The 20 prompts were chosen by the person who wrote the system prompt, so they encode the same blind spots.
"Correctness" is judged by another LLM with no calibration against human labels.
There's no versioning, so you can't compare today's run to last week's.
Failures are aggregated into a single score, which hides the fact that one category (say, multi-hop questions) collapsed while everything else held.

A real eval suite has to do four things: cover the surface area, version everything, slice failures by category, and stay cheap enough to run on every PR.

Start with a failure taxonomy, not a dataset

Before you write a single test case, write down how your system can fail. For a RAG-backed support assistant we shipped last year, the taxonomy looked roughly like this:

Retrieval miss: correct doc exists in the index, top-k didn't surface it.
Retrieval hit, generation miss: doc was retrieved, model ignored it.
Hallucinated citation: model cited a chunk that doesn't support the claim.
Stale answer: model used training data instead of retrieved context.
Refusal regression: model refused something it used to handle.
Format break: JSON output failed schema validation.
Tone drift: answer technically correct but off-brand.

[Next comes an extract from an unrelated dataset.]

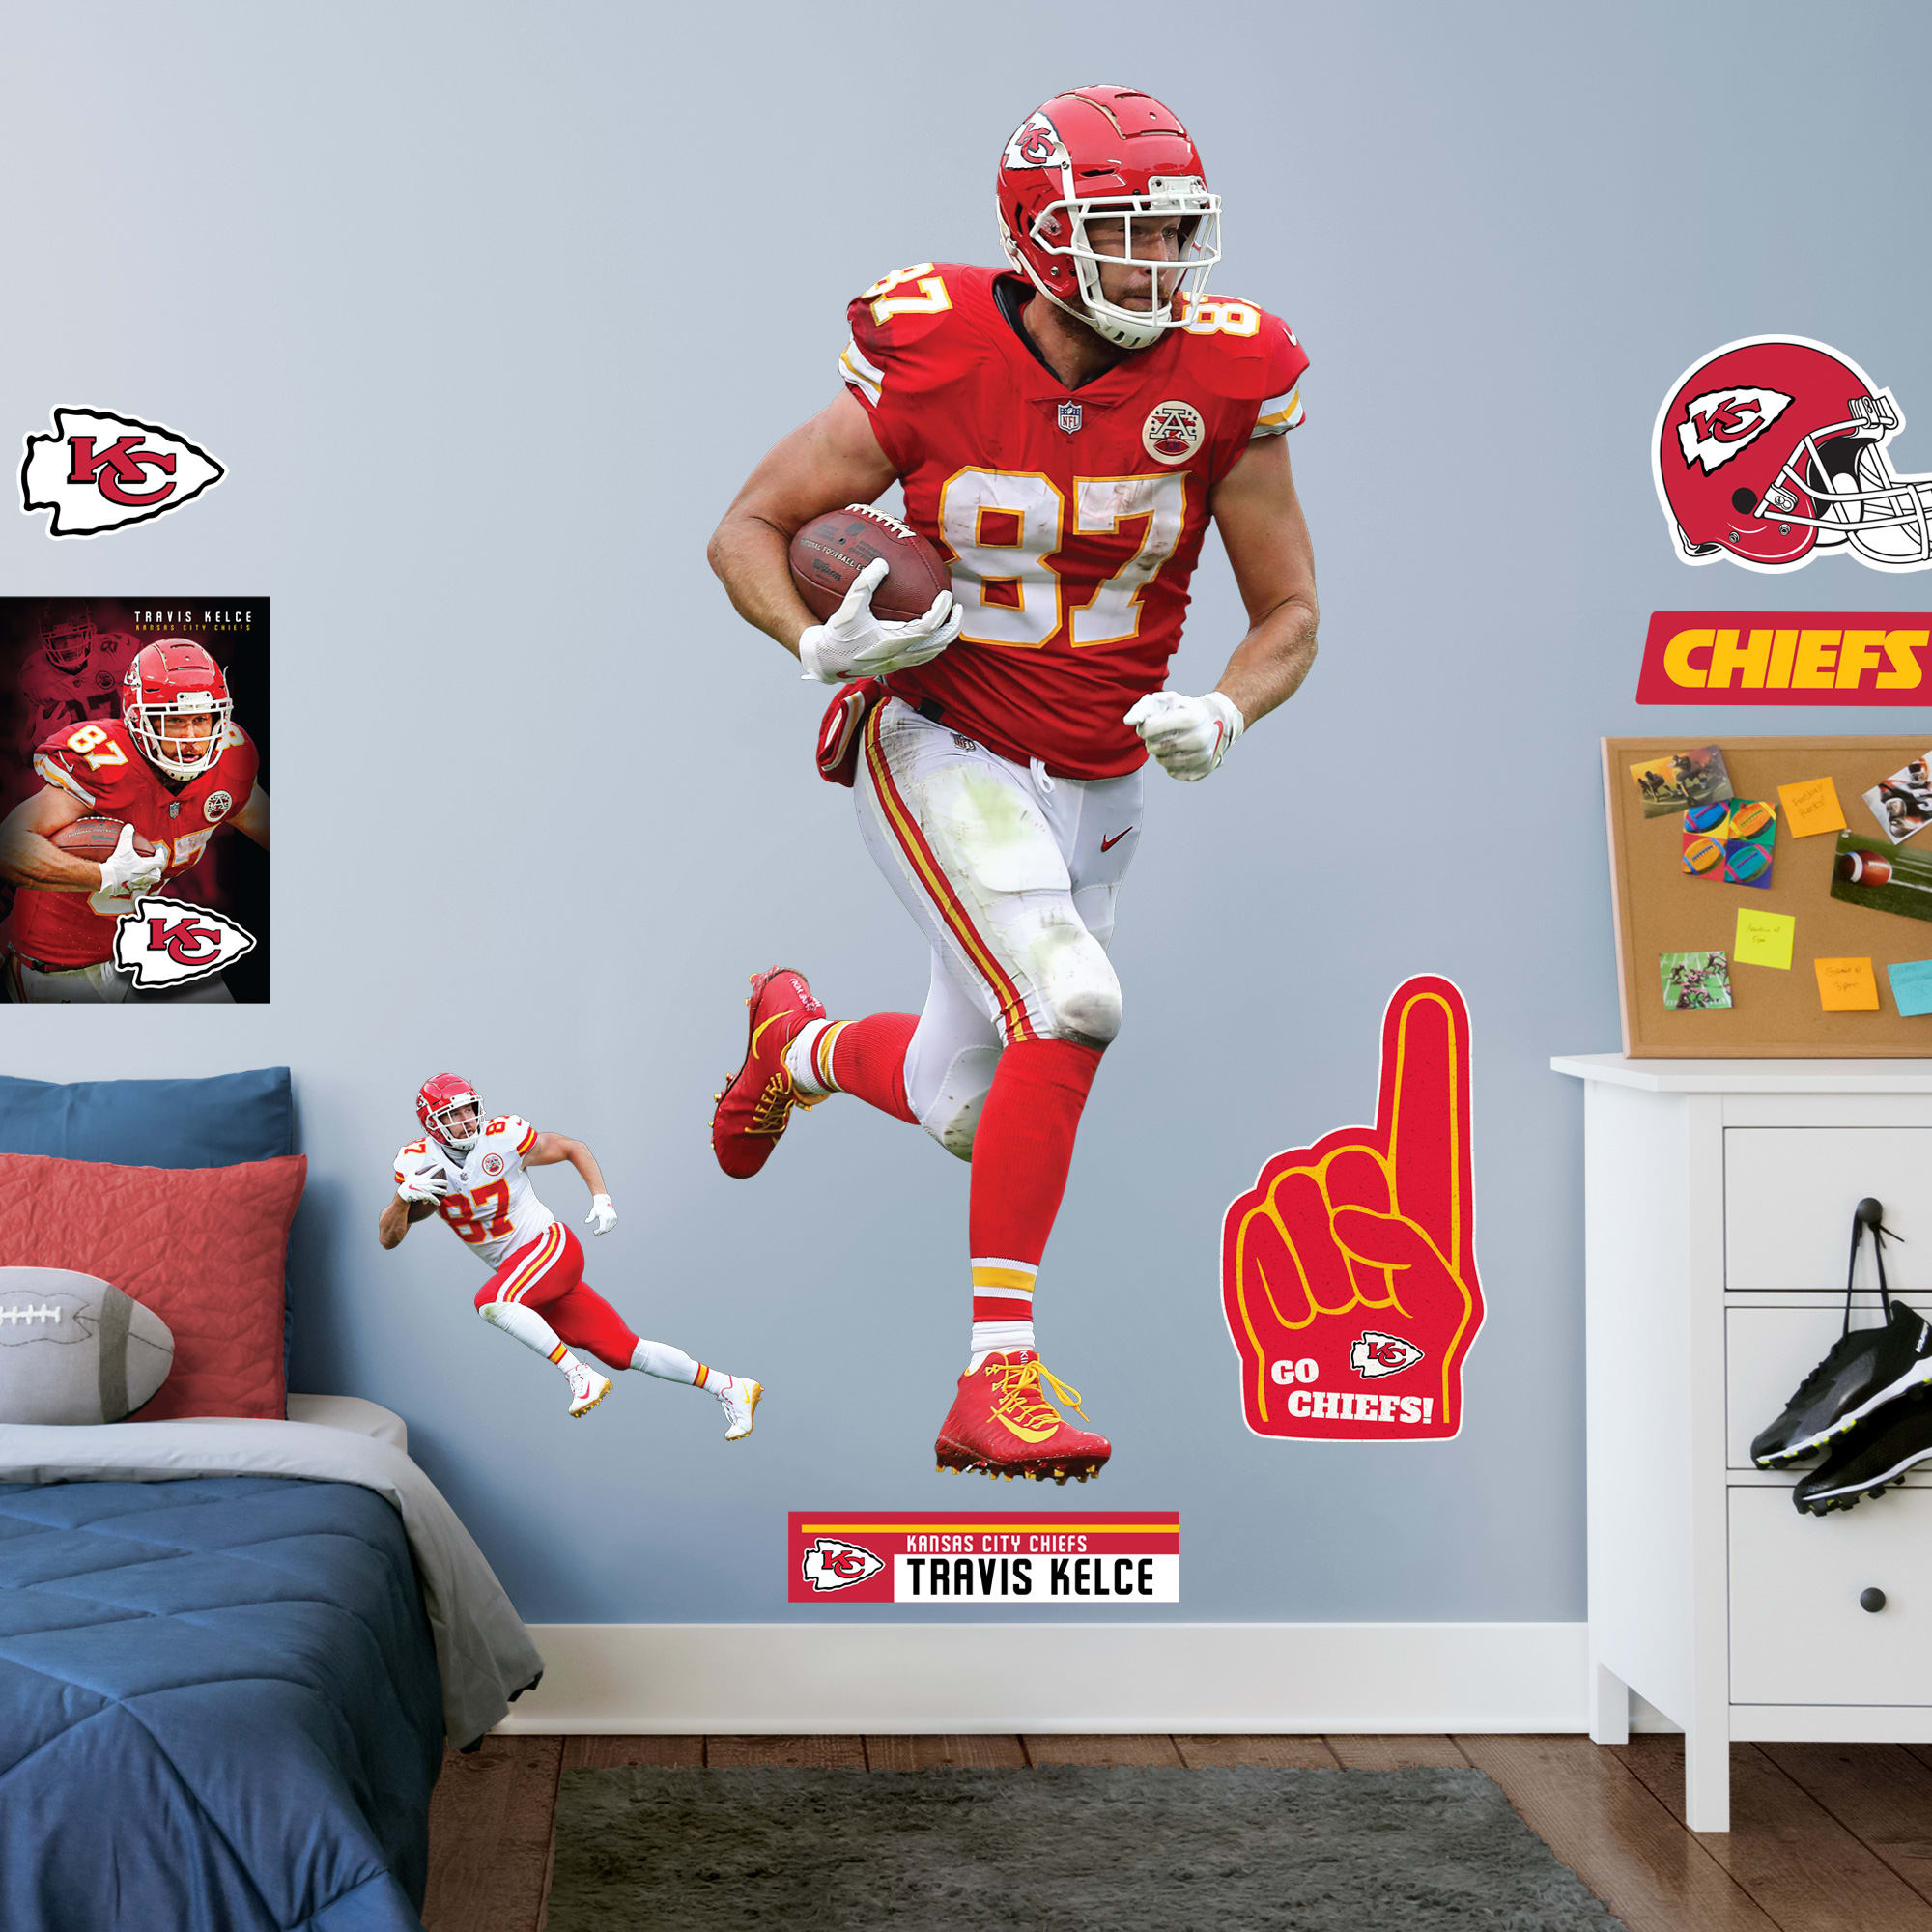 Travis Kelce for Kansas City Chiefs: Home - Officially Licensed NFL Removable Wall Decal Life-Size Athlete + 9 Decals (34"W x 78

Each category gets its own dataset, its own metric, and its own threshold. When claude-sonnet-4 drops citation accuracy by 12% but bumps tone scores by 3%, you want to see that tradeoff explicitly, not averaged into a meaningless aggregate.

A practical rule for dataset size

In our experience, you need at least 30 – 50 examples per failure category to get a stable signal, and 100+ if you want to detect changes smaller than 5%. Below 30, run-to-run variance from sampling temperature alone will swamp any real regression.

Build the harness before you scale the dataset

A common mistake: spend three weeks labelling 500 examples, then realise your runner can't replay them deterministically. Build the harness first with 20 examples, then grow the dataset.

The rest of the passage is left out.